Building a Software Engineering Agent with LangGraph

First step towards creating a software engineering agent is to understand its role and responsibilities. Here’s a rough sketch:

Roles and responsibilities

Broadly, we expect a software engineer to develop new features, fix bugs, and deploy. For those tasks the engineer is expected to receive inputs from enterprise internal or external resources. Let’s term these: the digital fabric.

In this work we implement an agent that may perform these tasks using Large Language Models (LLMs). Emulating the behavior of a human agent, we implement onboarding workflows to let our agent gain fine grain understanding at the level of code files, and a higher-order understanding at the level of packages. We also implement runtime workflows where the agent uses this hierarchical understanding to resolve user issues regarding bugs, enhancements, etc.

How to use this repository

Clone, install, and run

Create and activate a virtual environment

git clone https://github.com/praneetdhoolia/langgraph-se-agent.git
cd langgraph-se-agent
python3 -m venv .venv
source .venv/bin/activate

Install Langgraph CLI
```
pip install -U "langgraph-cli[inmem]"
```
Note: “inmem” extra(s) are needed to run LangGraph API server in development mode (without requiring Docker installation)
Install the dependencies
```
pip install -e .
```
Configure environment variables
```
cp example.env .env
```
and edit .env
Run
```
 langgraph dev
```

Onboard the Agent on GitHub Repository

Specify the following configurations:
- Repository URL: E.g., https://github.com/<owner>/<repo>
- Source Path: E.g., src/java/main/com/module
- GitHub Access Token: Should have at least read access to the repository.
- Prompts and Models: Defaults provided. May be overriden.
Run the Onboard-Graph.

Use the Agent

Use the onboarding configurations.
Chat with the agent!

Implementation

Let’s now understand the agent workflows!

Onboarding Workflow

Figure - Onboarding Graph

See src/se_agent/onboard_graph.py for implementation details.

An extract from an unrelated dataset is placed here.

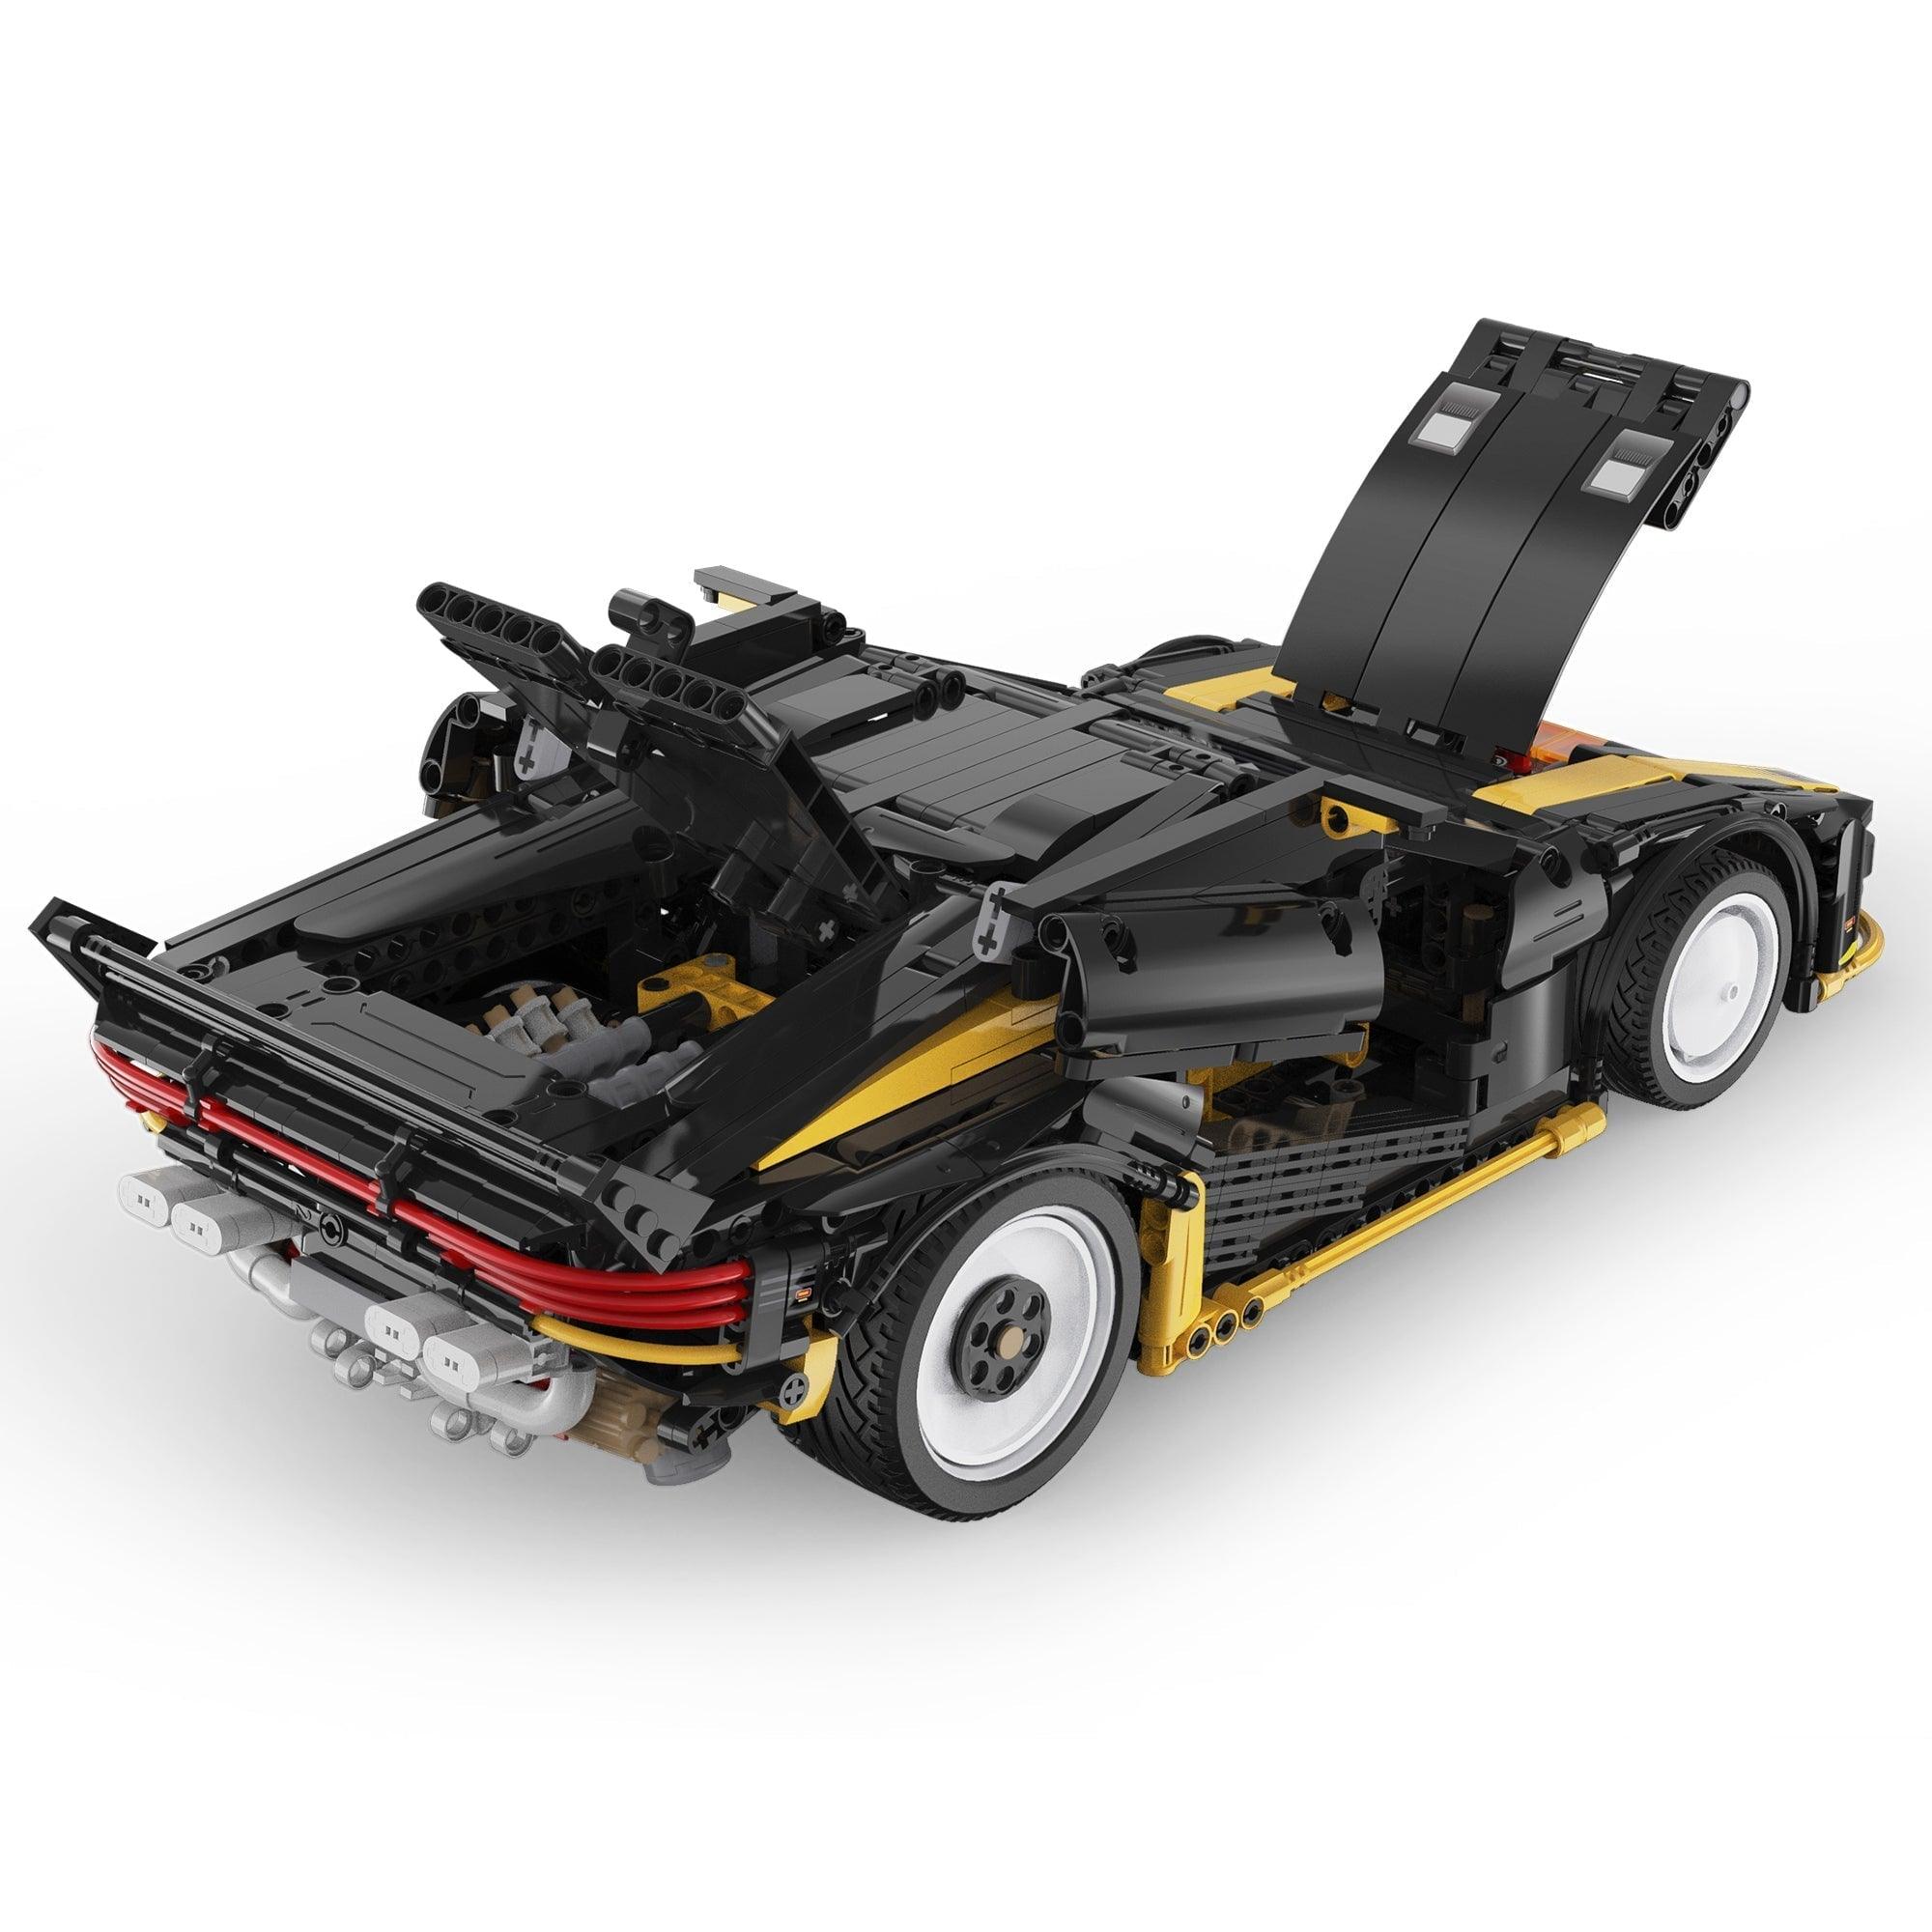 Cyberpunk Turbo-V s set, compatible with Lego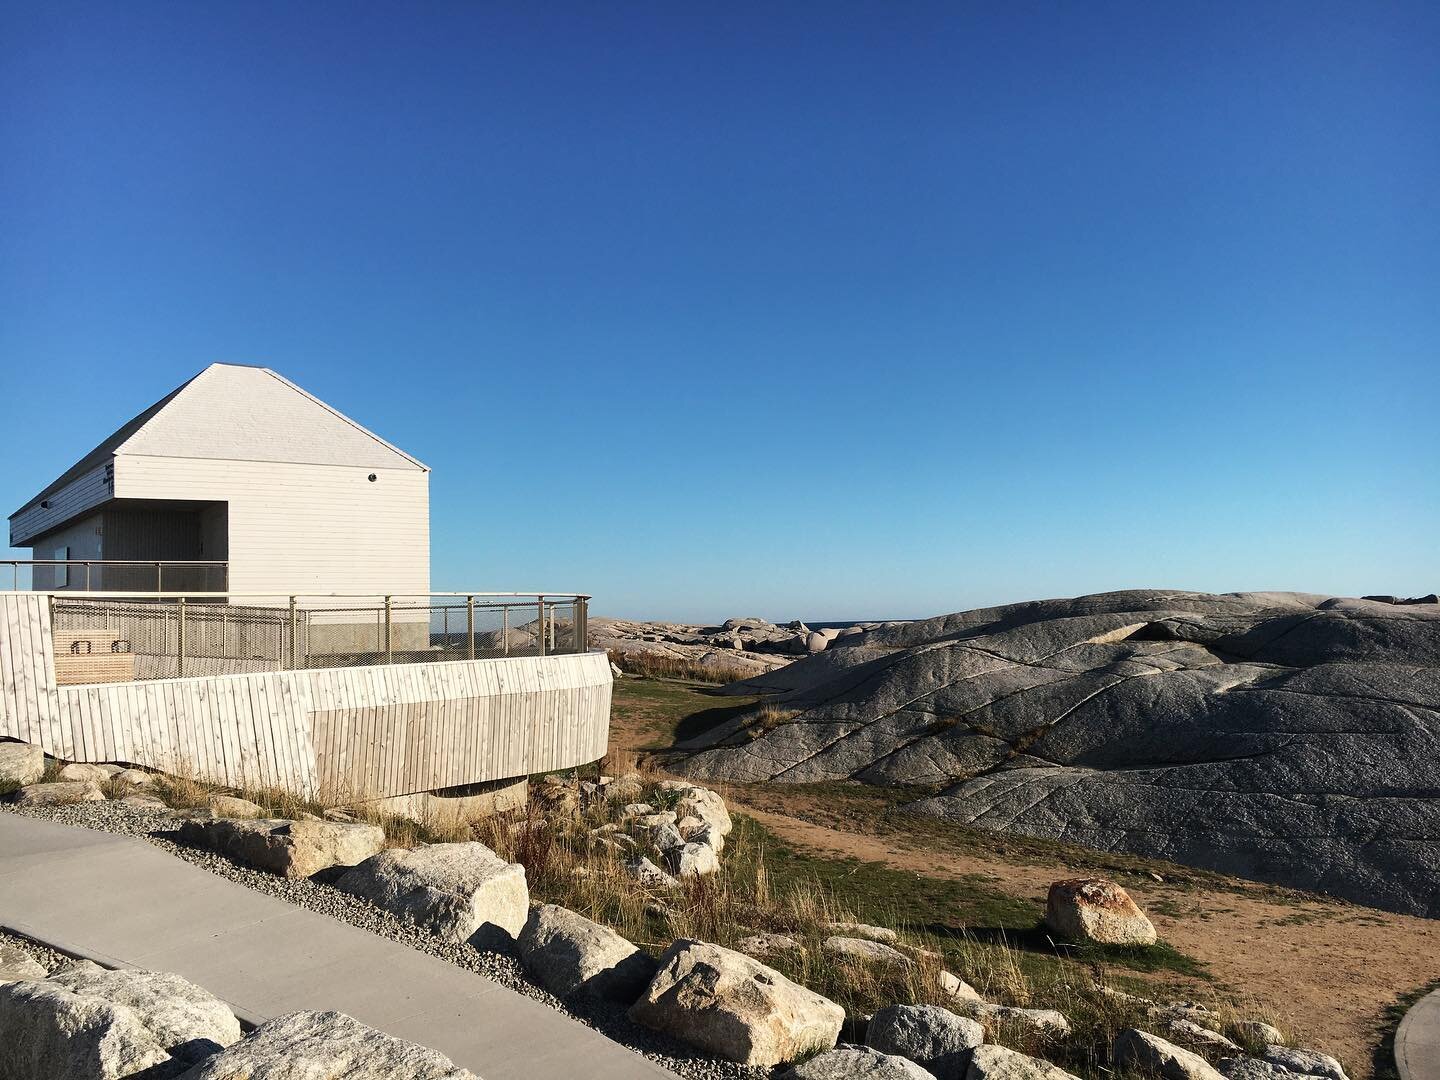 Excited to finally visit the new viewing platform and washrooms at Peggy&rsquo;s Cove, so brilliantly designed to integrate into this iconic landscape. The new structures and pathways enhance the views with strong sightlines and emphasize the lightho

One aspect of the implementation worth highlighting is that we generate semantic undertanding for code files in parallel. E.g., if a repository has 1000 files. We make 1000 parallel LLM calls for semantic summary generation, effectively completing it in a single call’s time. This saves a significant amount of time.

from langgraph.types import Send

# ...

def continue_to_save_file_summaries(state: OnboardState, *, config: RunnableConfig):
    """ Maps out over the filepaths, returning a list of `Send` objects. Each `Send`
    object includes target node name and the state to send to that node.
    """
    return [
        Send("generate_file_summary", FilepathState(filepath=filepath))
        for filepath in state.filepaths
    ]

# ...

# Conditional edge from get_filepaths node that parallel forks
builder.add_conditional_edges("get_filepaths", continue_to_save_file_summaries, ["generate_file_summary"])

# ...

Similarly we generate semantic understanding for higher order packages also in parallel.

Assist Workflow

Figure - Assist Graph

See src/se_agent/assist_graph.py for implementation details.

We follow a hierarchical approach to localize the issue being discussed in the user conversation to the most relevant files, and then generate a resolution using those files.

Why do we use Hierarchical approach?

Sending the whole code base with every request is not feasible:
- may far exceed the permitted token limit
- generates huge network traffic
- leads to huge LLM costs
- results in less accurate responses
It is intuitive! Say the code repository was available as a book. The high-order understanding represented by package-level summaries is like a table of contents or outline. Resolving an issue is like answering a question using this book. We’d first consult the table of contents to assess which chapters are relevant. We’d then go to those chapters and assess which sections are relevant, and then answer the question based on those parts. This keeps the context strictly relevant to the query, allowing a faster and more accurate response, all within token limits!